A completely reedited version produced in conjunction with BBC Four, consisting of 9 50-minute episodes, began airing in the UK on November 22, 2019.

Music
The TV series presented country music from its earliest stars, such as the Carter Family, and Jimmie Rodgers, followed by influential singers of the likes of Hank Williams, through to notable acts of the second half of the 20th century such as Johnny Cash, Willie Nelson and Dolly Parton, finishing in the 1990s. A  five-CD soundtrack album of selected highlights of songs featured in the show, Country Music: A Film By Ken Burns, was released. The five-CD box-set was released on August 30, 2019 before the show aired, followed by two-CD, two-LP and digital versions released on September 13. It reached No. 1 on Billboard's Soundtrack Album Sales chart. It has sold 39,100 copies in the United States as of March 2020.

In support of the release of the miniseries, Bank of America produced a video of the song "Wagon Wheel", featuring a collection of musicians from across the United States, with the tag line "Nothing connects the country like country."

Release

Home media
The film was released through PBS in the United States on Blu-ray disc and DVD on September 17, 2019.
The series debuted at No. 6 on the Music Video Sales chart the week of September 28, 2019 climbing to No. 1 the following week, staying at the top position for eleven consecutive weeks. 

The 8-disc DVD/Blu-ray release of the documentary series also includes interviews from a large number of outtakes made by Burns during the production of the film. The biographical outtakes by various artists are featured on the special features of each of the three disc in the DVD release of the miniseries.

Soundtrack

Episodes

Reception 
Country Music has received generally positive reviews from television critics. Review aggregator site Rotten Tomatoes gave the series an 84% fresh rating, based on 22 reviews. The aggregator consensus states the series "an expansive—if not always deep—history of the genre as seen through Ken Burns' expert eye, Country Music works as both a crash course for new listeners and a refresher for old-timers."
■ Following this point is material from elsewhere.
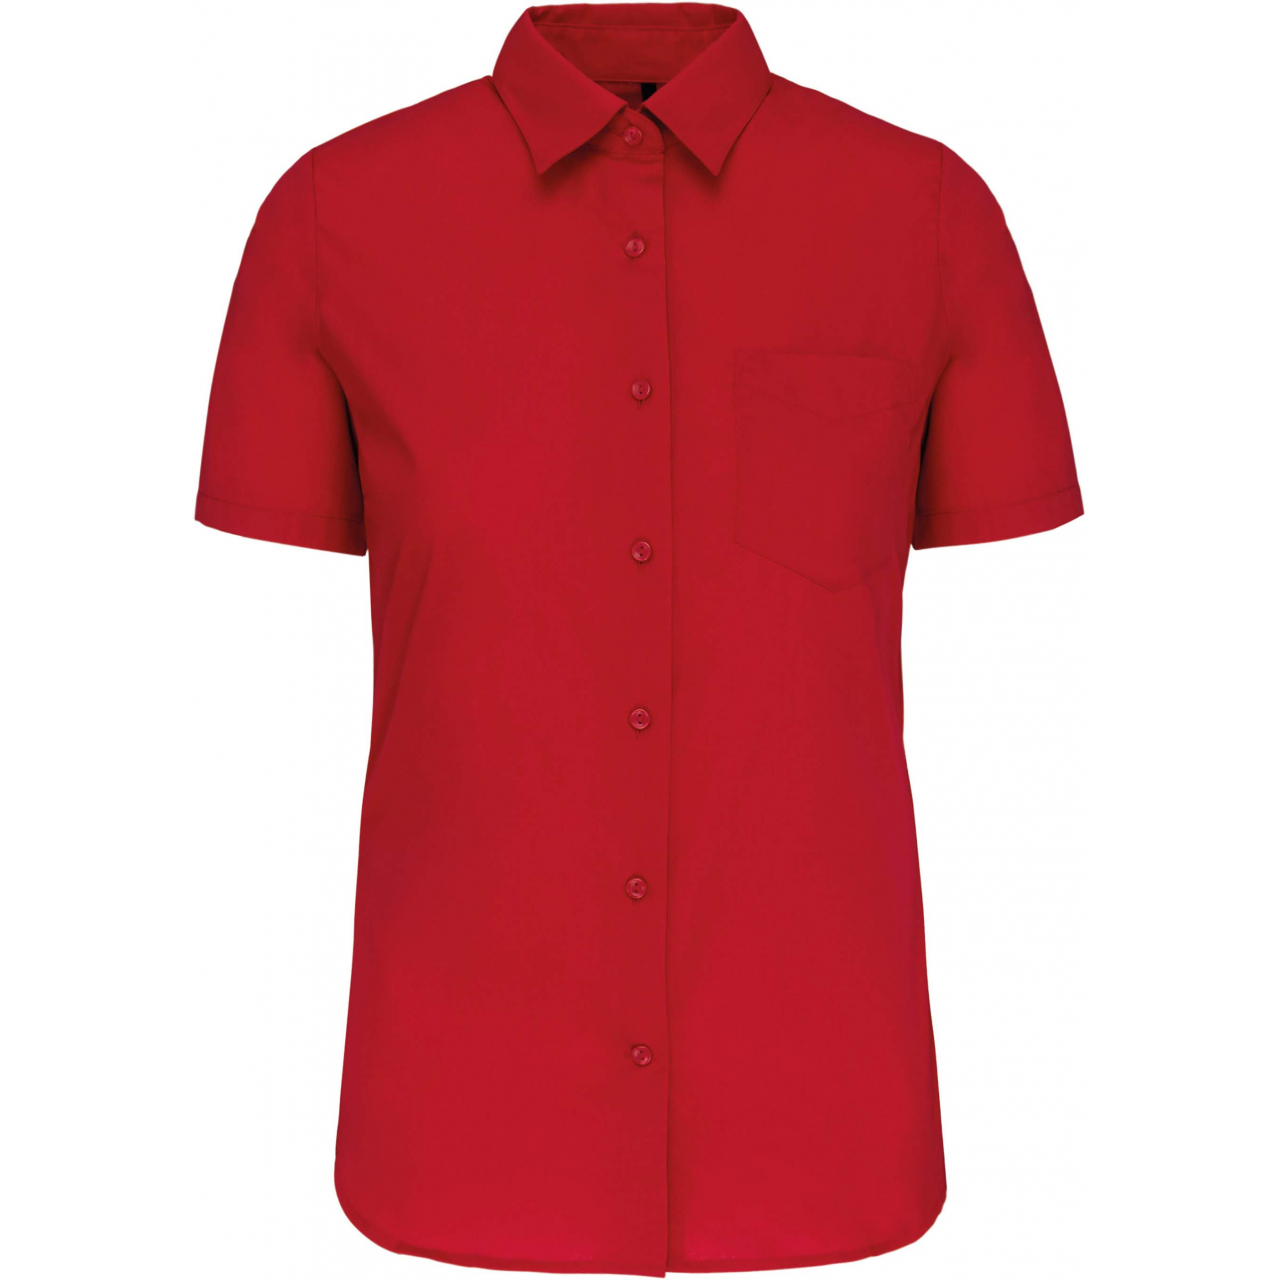 Košile dámská s krátkým rukávem Kariban Judith - červená, M

David Cantwell of The New Yorker wrote, "What the documentary gets right overwhelms the caveats. Burns' chief takeaway from his immersion in the genre is spot on: country music is not, and has never been, static." David Fear of Rolling Stone wrote, "Most of all, this epic, essential survey (which premieres on September 15th) is both a history lesson of an American art form and 20th century U.S.A. itself. Like Burns' 2001 deep dive Jazz, it puts the music's cultural and geographic roots front and center." Will Hermes of Rolling Stone wrote, "The most ambitious, culturally resonant music documentary ever made."

Jon Caramanica of The New York Times wrote, "Country Music makes it plain that the story of the genre is merely a pocket version of the story of the American musical experiment writ large: Everyone trying on poses and costumes, borrowing wildly at every turn, pointing fingers at others trying similar things, and, as soon as things become complacent, agitating for something new." Ken Tucker of NPR wrote, "In Country Music, Burns goes wide, not deep; it's rare for any musical excerpt to last more than 20 seconds, making it impossible for a singer to make an impression on a viewer unfamiliar with his or her work. This time around, Burns has traveled down Hank Williams' 'Lost Highway' with a busted GPS." Tim Goodman of The Hollywood Reporter wrote, "Country Music is a wide subject that Burns painstakingly brushes through. But there's not enough paint for that picture. You're going to see the canvas and the blotches. If you know that going in, it helps."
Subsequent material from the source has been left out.